SUPPLIED MATERIAL:

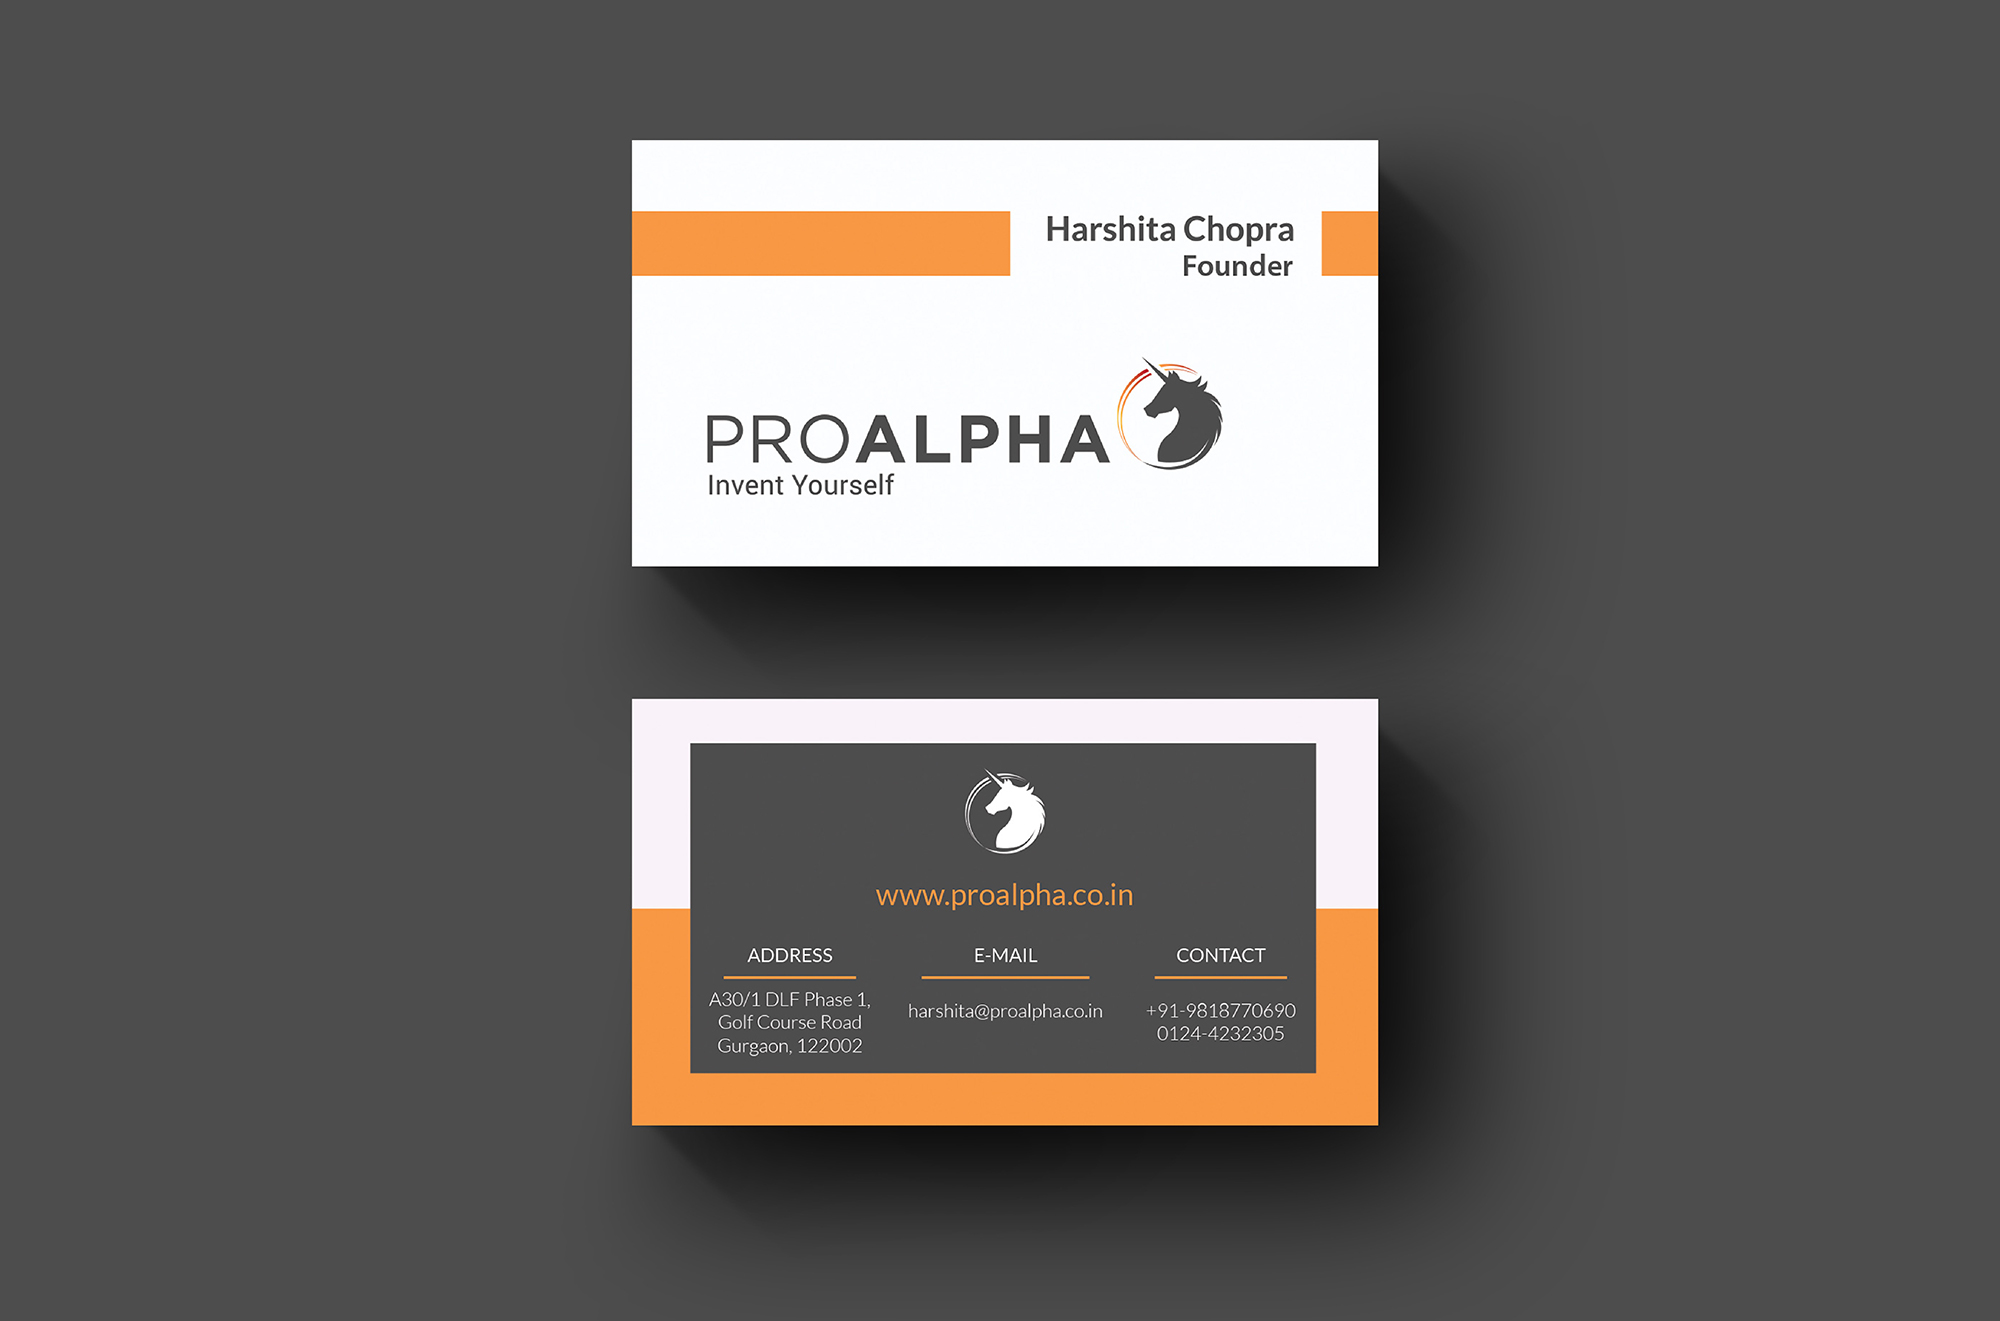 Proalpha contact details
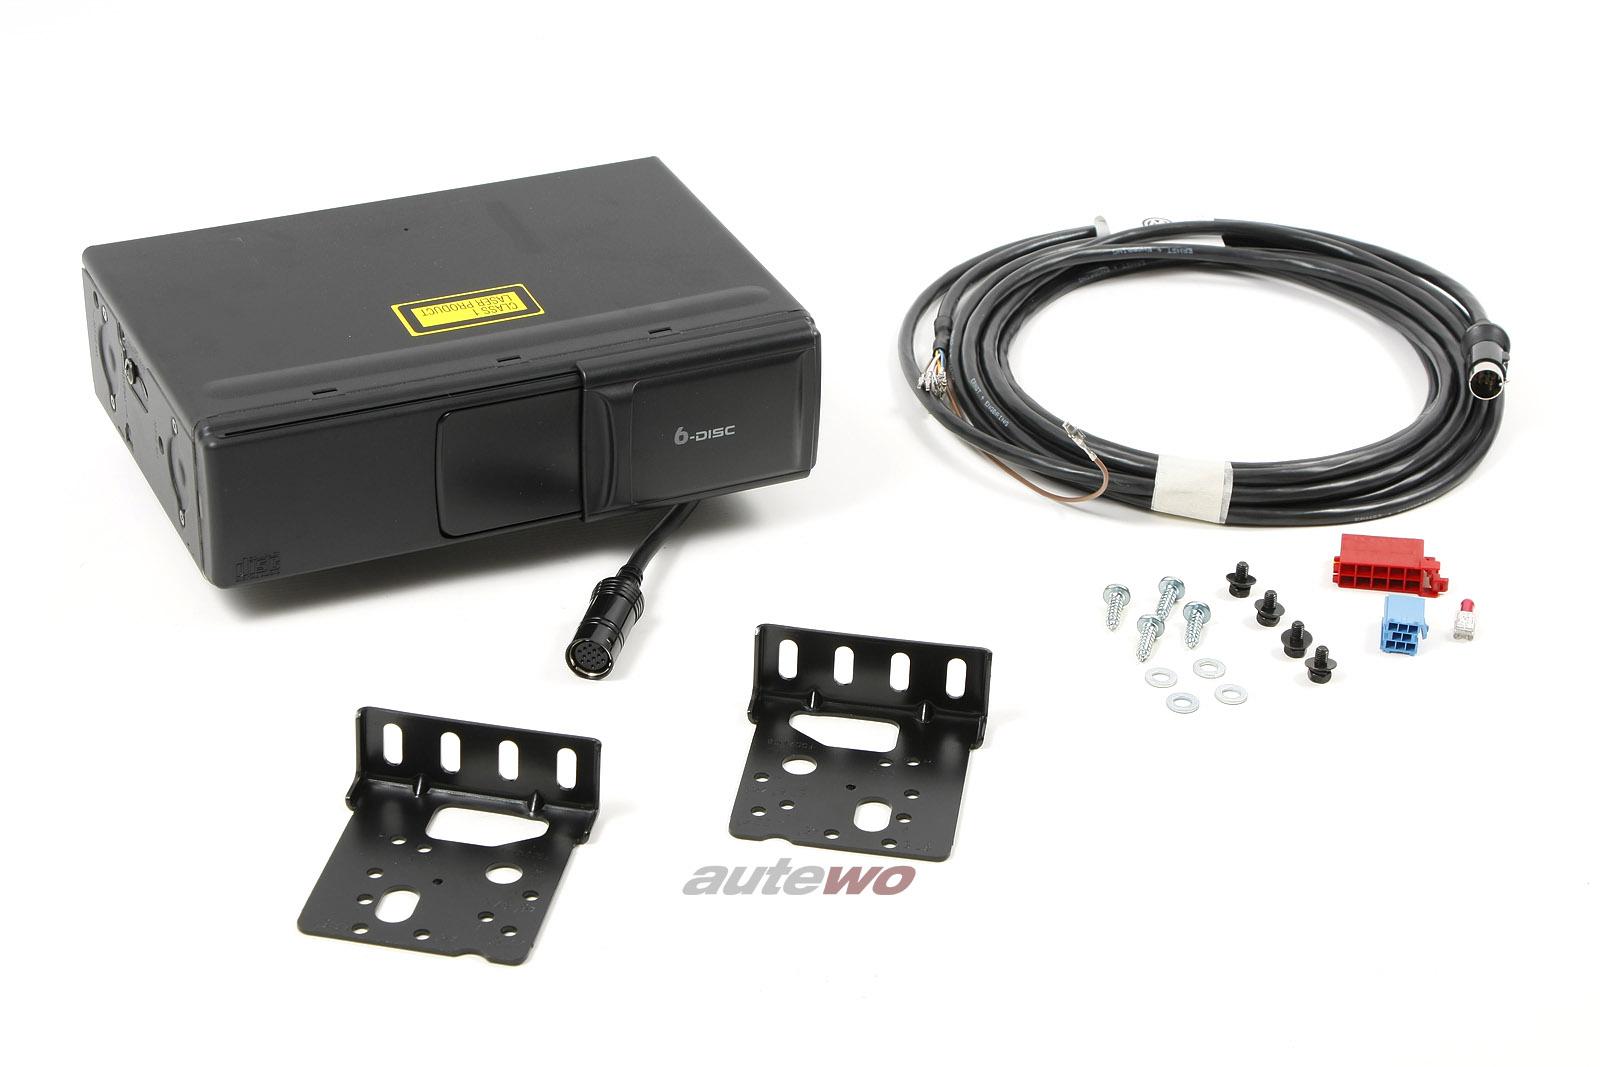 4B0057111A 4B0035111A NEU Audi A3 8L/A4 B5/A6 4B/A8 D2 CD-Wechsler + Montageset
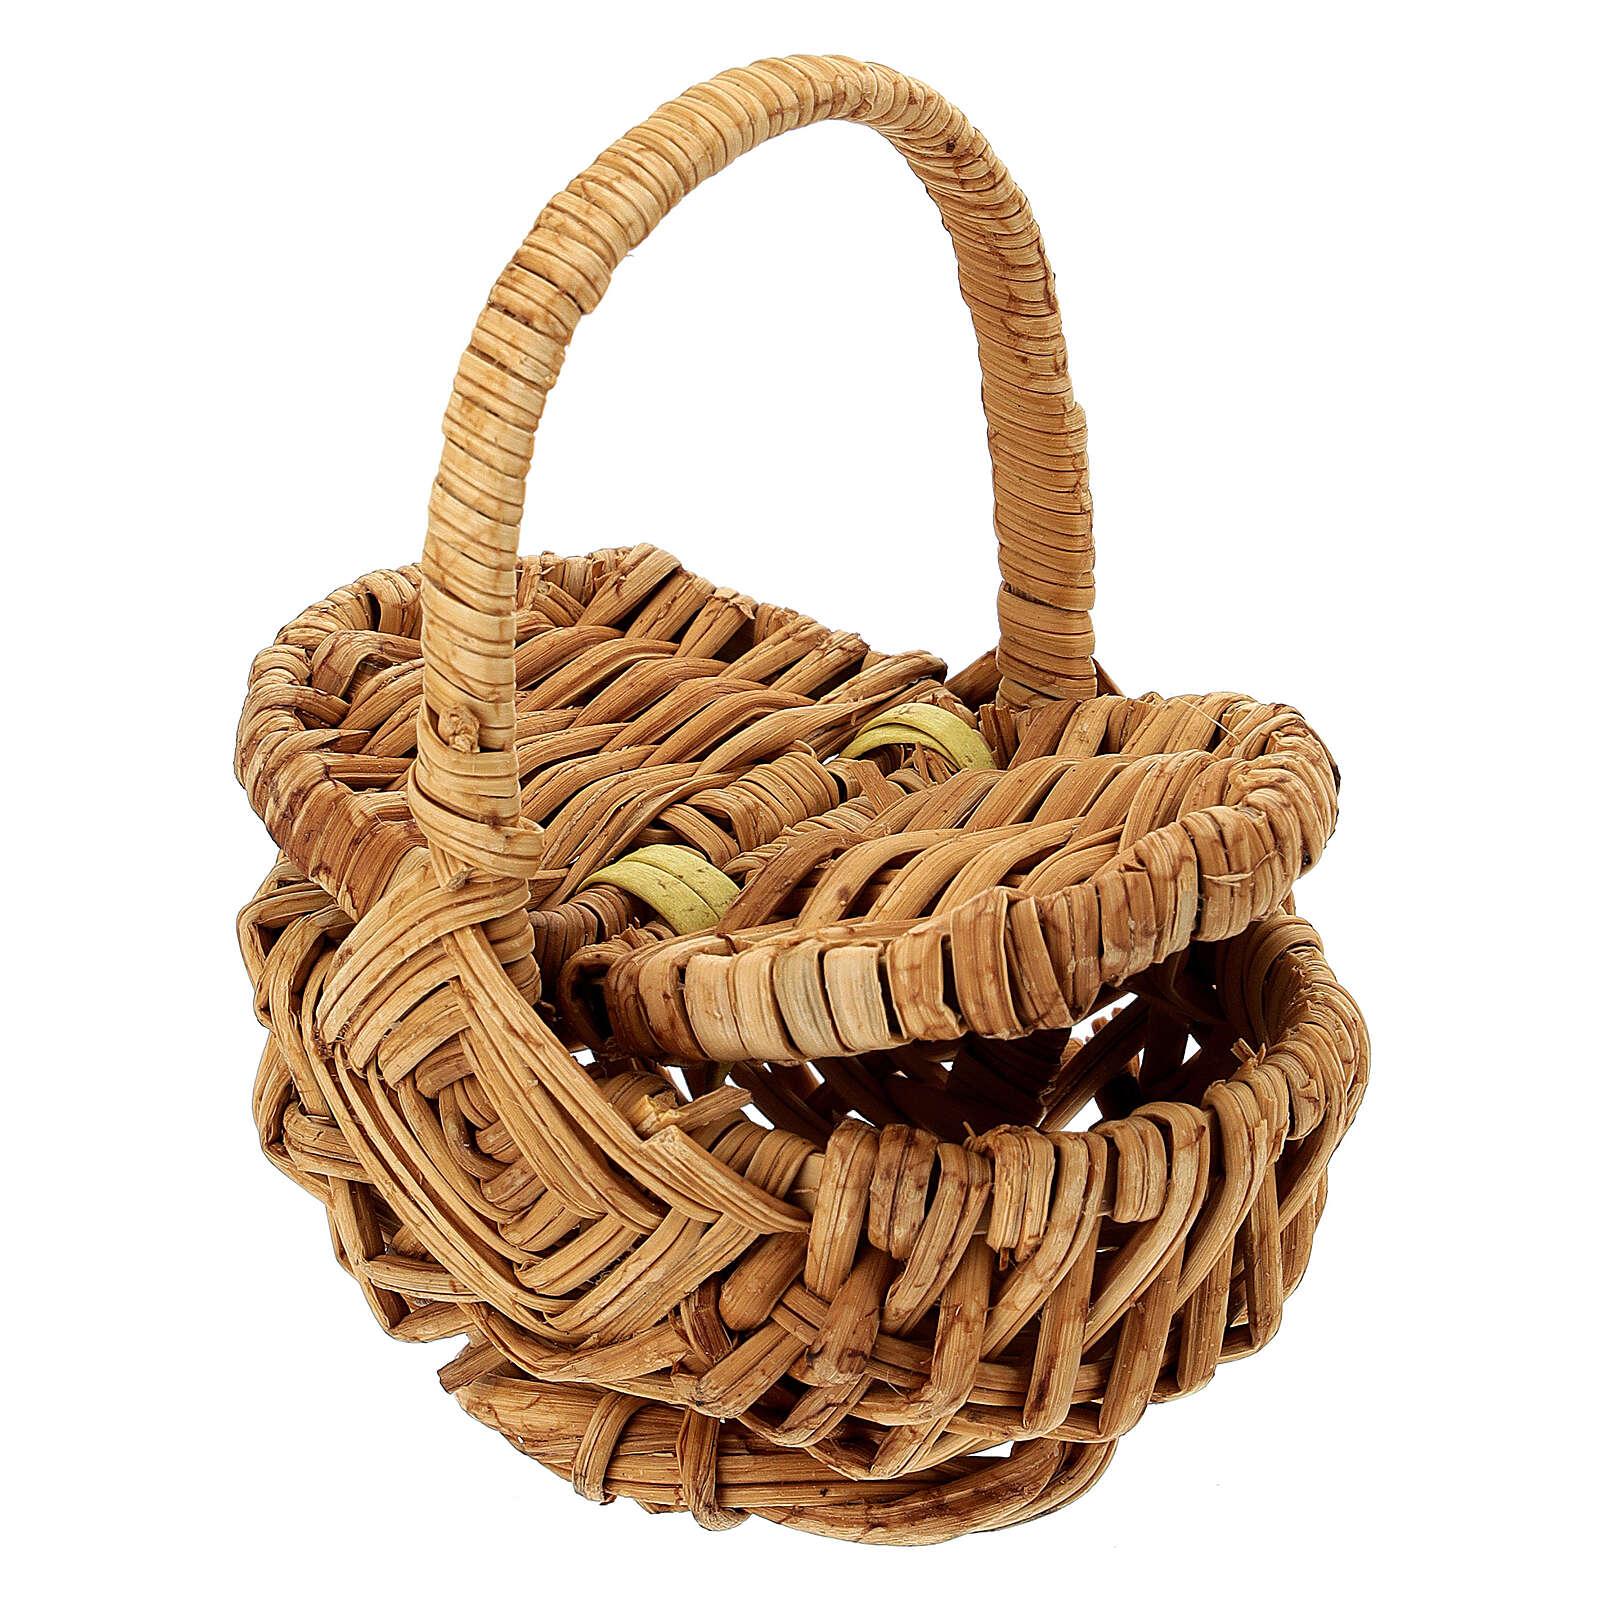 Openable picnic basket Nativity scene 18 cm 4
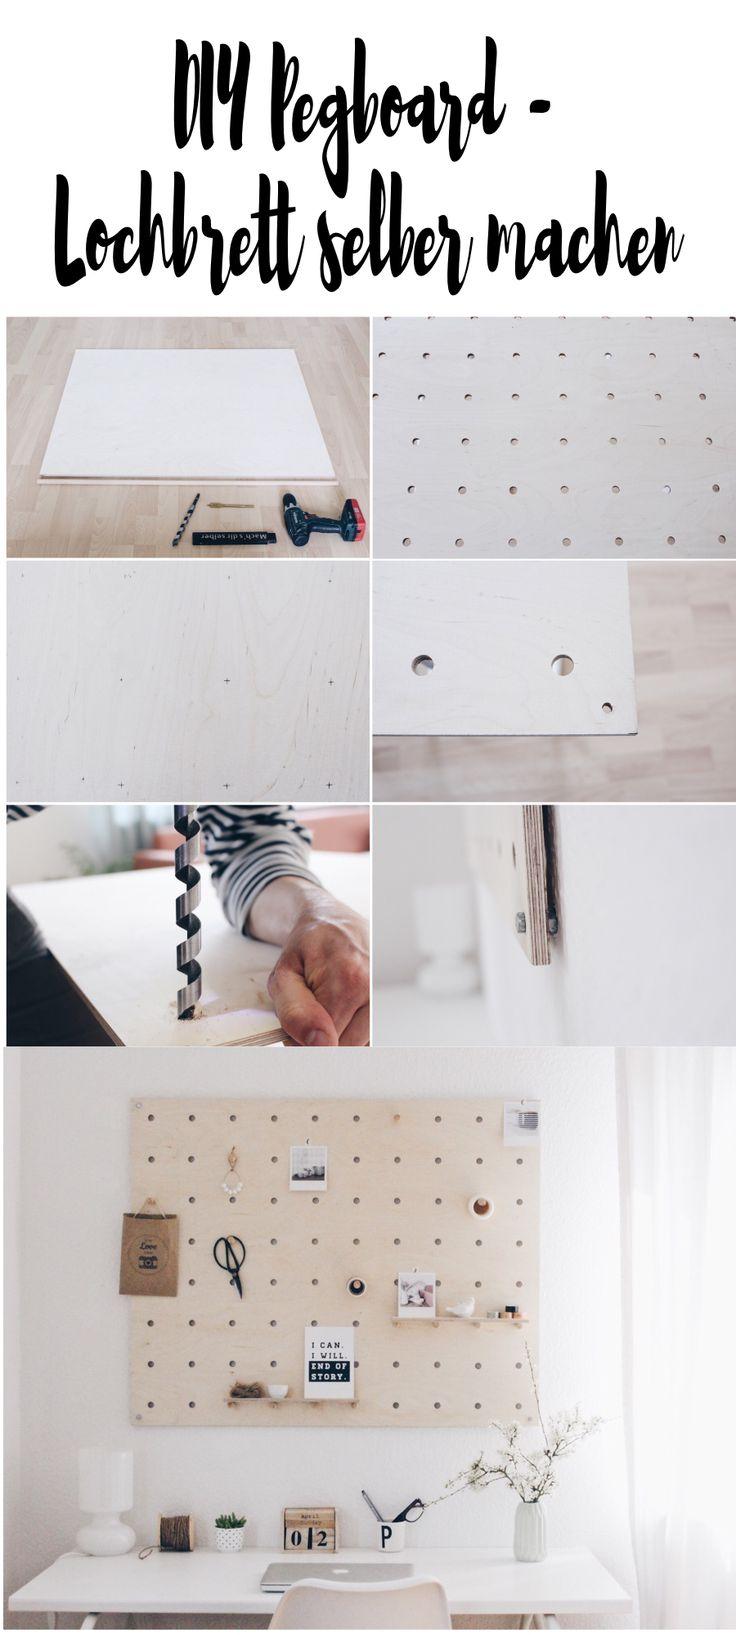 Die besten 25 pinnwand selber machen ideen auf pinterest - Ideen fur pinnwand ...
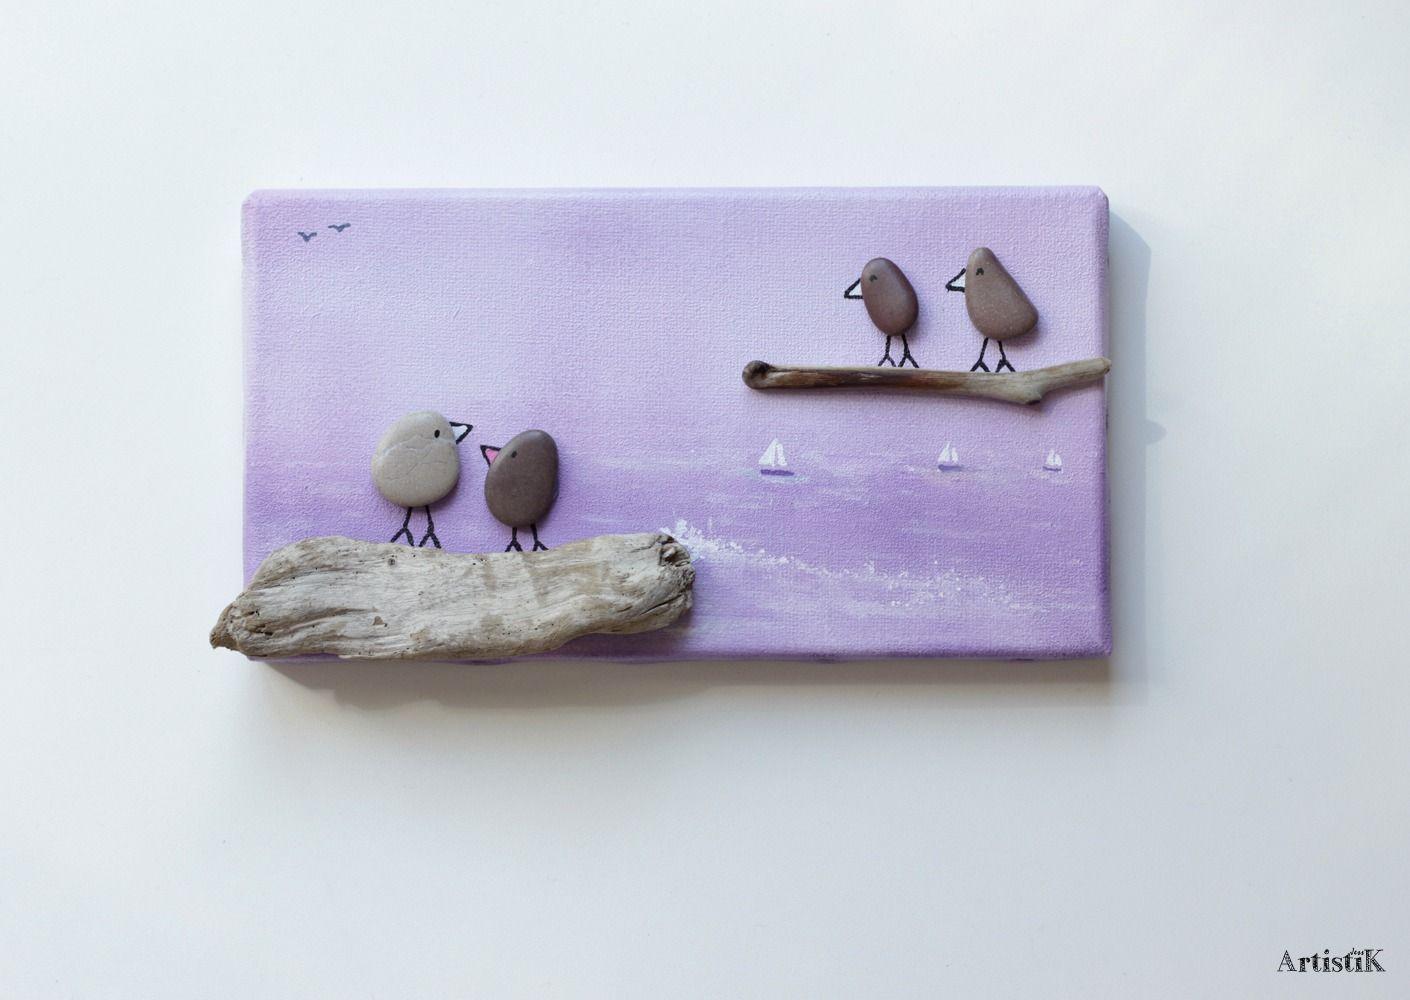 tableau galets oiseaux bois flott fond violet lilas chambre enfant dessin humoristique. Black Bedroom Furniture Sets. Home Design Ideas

PROBLEM TO WORK ON:
Return all the records exactly, excluding images.

ANSWER BELOW:
 Proalpha contact details
 4B0057111A 4B0035111A NEU Audi A3 8L/A4 B5/A6 4B/A8 D2 CD-Wechsler + Montageset
 Openable picnic basket Nativity scene 18 cm 4
 Die besten 25 pinnwand selber machen ideen auf pinterest - Ideen fur pinnwand ...
 tableau galets oiseaux bois flott fond violet lilas chambre enfant dessin humoristique. Black Bedroom Furniture Sets. Home Design Ideas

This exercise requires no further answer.